Fig. 5 OSNR penalty at BER = 1 × 10⁻³ versus linewidth and duration product ( $Δ v \cdot T$ ) of various algorithms for (a) QPSK, (b) 16-QAM, (c) 32-QAM.

Download Full Size | PDF

Fig. 6 OSNR penalty at BER = 1 × 10⁻³ versus frequency offset and duration product ( $Δ v \cdot T$ ) of various algorithms for (a) QPSK, $Δ v \cdot T = 2 \times 10^{- 4}$ , (b) 16-QAM, $Δ v \cdot T = 7 \times 10^{- 5}$ , (c) 32-QAM, $Δ v \cdot T = 2 \times 10^{- 5}$ .

Download Full Size | PDF

4.2 Experiments and discussions

We carry out experimental verification to further investigate the performance of our proposed SSP-DP-CW-DA-ML as well as FFT-FOE + BPS for 10 Gbaud DP-16QAM and 32-QAM signals, respectively. Figure 7 shows the experimental setup. An external cavity laser (ECL) with ~100-kHz linewidths is used as transmitter laser source. The arbitrary waveform generator (AWG, Tektronix 7122C) provides 10 Gbaud binary electrical signal for both in-phase and quadrature arms of the modulator. Then, the signal is polarization division multiplexed with 140ns optical delay between two polarization tributaries. Under the B2B measurements, the variable optical attenuator (VOA) and Erbium doped fiber amplifier (EDFA) are deployed to adjust the OSNR of the received signal. At the receiving side, ECL with ~100 kHz linewidth is used as the LO to realize coherent detection. The OSNR of signal is monitored by optical spectrum analyzer (OSA). Finally, the detected electrical signals are digitized and captured by a 50 GSa/s digital sampling oscilloscope (Tektronix, DPO73304D) for offline processing. The offline DSP flow is also shown in Fig. 8. Firstly, the collected samples are processed with orthogonalization for IQ imbalance compensation [23] and down-sampling to 2 samples per symbol. After timing recovery, four 15-taps fractionally-spaced (Ts/2) finite impulse-response (FIR) filters arranged in butterfly structure are employed to achieve polarization de-multiplexing and differential group delay (DGD) mitigation. These FIR filters are first adapted by the standard constant modulus algorithm (CMA) for pre-convergence. Then, the equalization is realized by switching CMA to radius-directed equalization (RDE) algorithm. Both FOC and CPE using either the proposed SSP-DP-CW-DA-ML or FFT-FOE + BPS are implemented, before signal de-mapping and decoding. BER counting is finally carried out for performance evaluation.

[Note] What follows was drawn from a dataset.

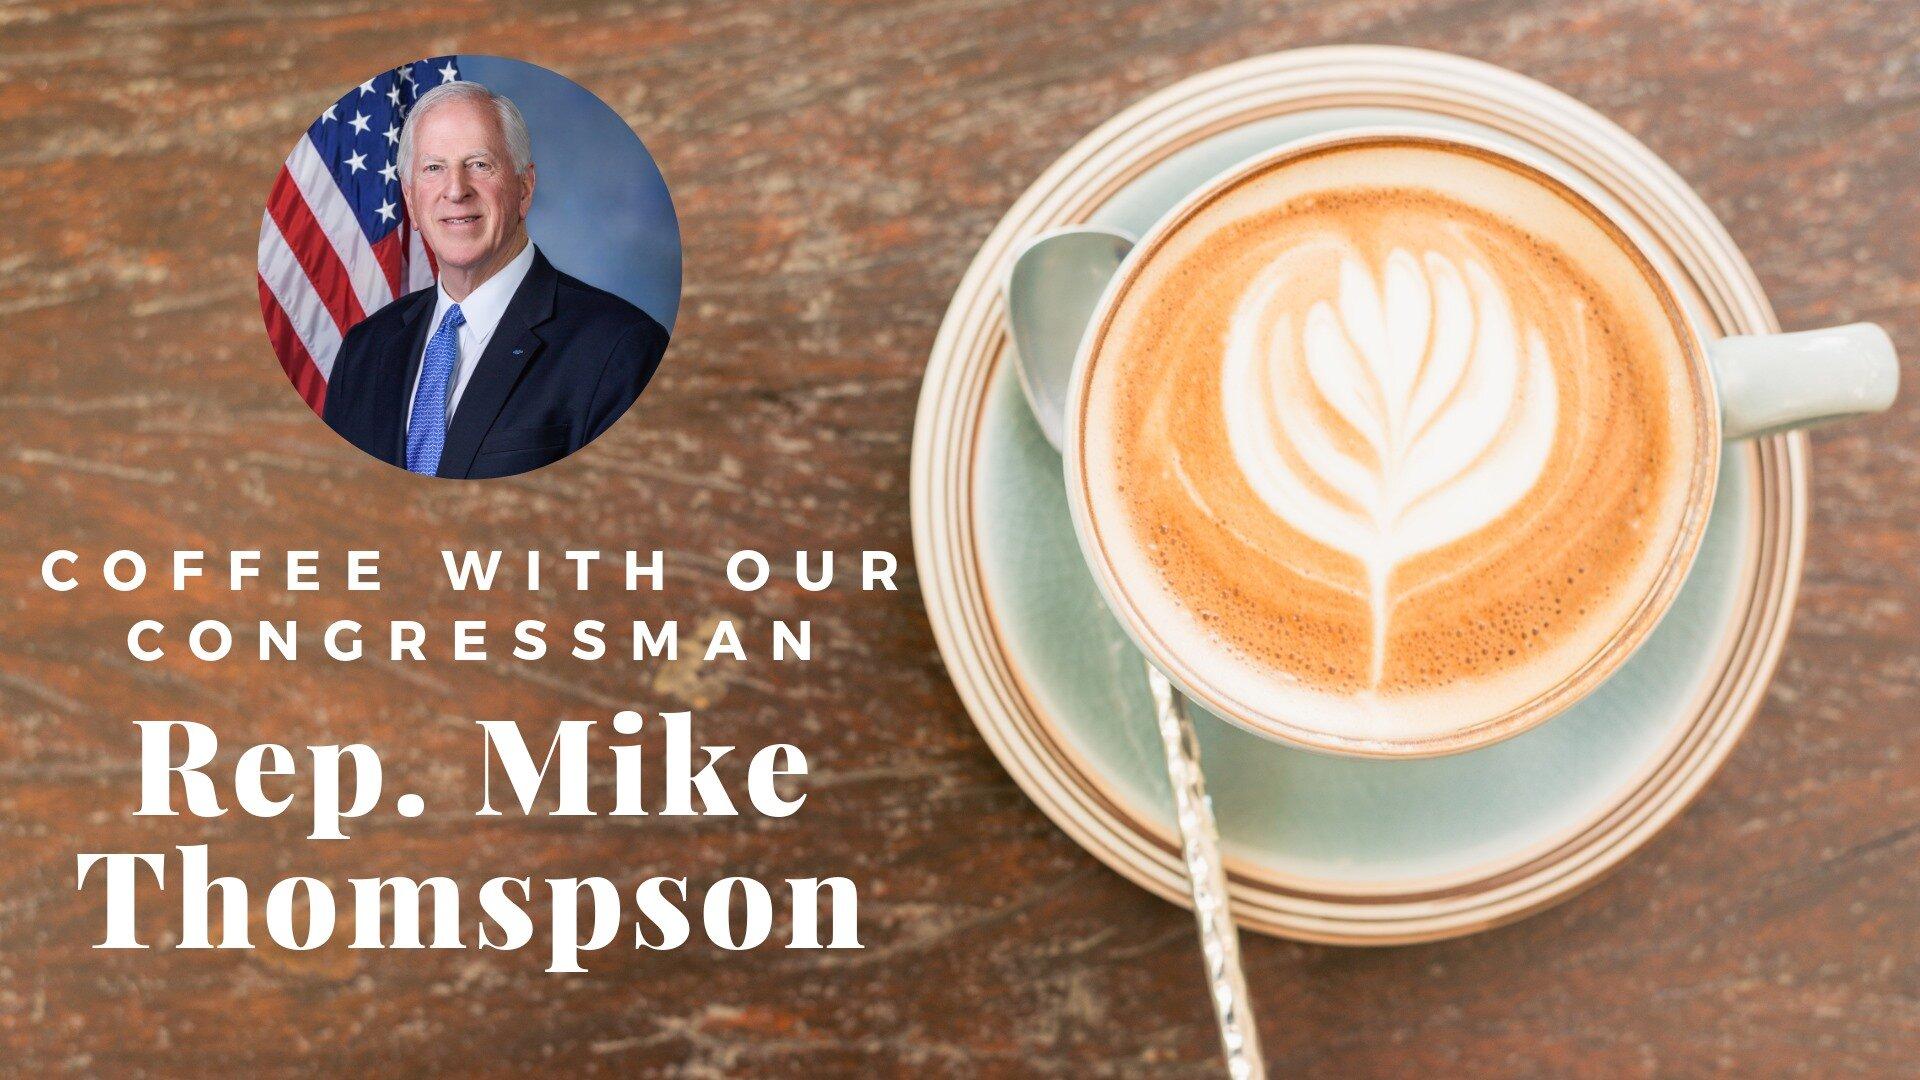 CoffeeWithMikeThompson.jpeg

Fig. 7 Experimental setup and DSP flow for 10 Gbaud DP-16/32-QAM system. AWG: arbitrary waveform generator, EDFA: erbium doped fiber amplifier, ECL: external cavity laser, OBPF: optical band-width pass filter, PC: polarization controller, PBS: polarization beam splitter, PBC: polarization beam combiner, VOA: variable optical attenuator, ASE: Amplified Spontaneous Emission.

Download Full Size | PDF

Fig. 8 BER performance as a function of OSNR, (a) 10 Gbaud DP-16-QAM, (b) 10 Gbaud DP-32-QAM.

Download Full Size | PDF

Figures 8(a) and 9(b) show the BER performance versus OSNR for 10 Gbaud DP-16-QAM and DP-32-QAM, respectively. For the FFT-FOE + BPS scheme, the number of test angle is fixed at 32. For the proposed SSP-DP-CW-DA-ML, the filter length 2L and parallelization degree P are set to be 24 and 8, respectively, which are the same as the simulation condition. As shown in Figs. 8(a) and 8(b), experimental results show that SSP-DP-CW-DA-ML can provide better performance than FFT-FOE + BPS under condition of B2B transmission. In particular, SSP-DP-CW-DA-ML reduces the required OSNR at a $B E R = 3.8 \times 10^{- 3}$ by 0.8 dB and 0.65 dB for 16-QAM and 32-QAM, respectively. The improved performance is attributed to more accurate estimation using signals from dual polarizations and removing of differential coding/decoding. In order to verify the FOE range of SSP-DP-CW-DA-ML, Figs. 9(a) and 9(b) show the BER performance versus FO at a range of [-5 GHz, + 5 GHz] for DP-16-QAM and DP-32-QAM, respectively. FO is realized by adjusting the central wavelength of the ECL at the receiving side. The OSNRs are set to 15.1 dB, 18.6 dB and 21.2 dB for 16-QAM, and 19.6 dB, 22.3 dB and 25.9 dB for 32-QAM, respectively. We can see that our SSP-DP-CW-DA-ML functions well in all FO conditions due to its complete FOE range of ± symbol rate/2. However, for FFT-FOE + BPS scheme, the signal is totally distorted and the BER reaches 0.5 out of the FO range of [-2 GHz, + 2 GHz]. This is mainly because its FOE range is limited to [-R/8, + R/8], which is [-1.25 GHz, 1.25 GHz] considering the symbol rate of 10 Gbaud. Experimental results confirm that the proposed SSP-DP-CW-DA-ML has a complete estimation range, satisfying all practical application requirements.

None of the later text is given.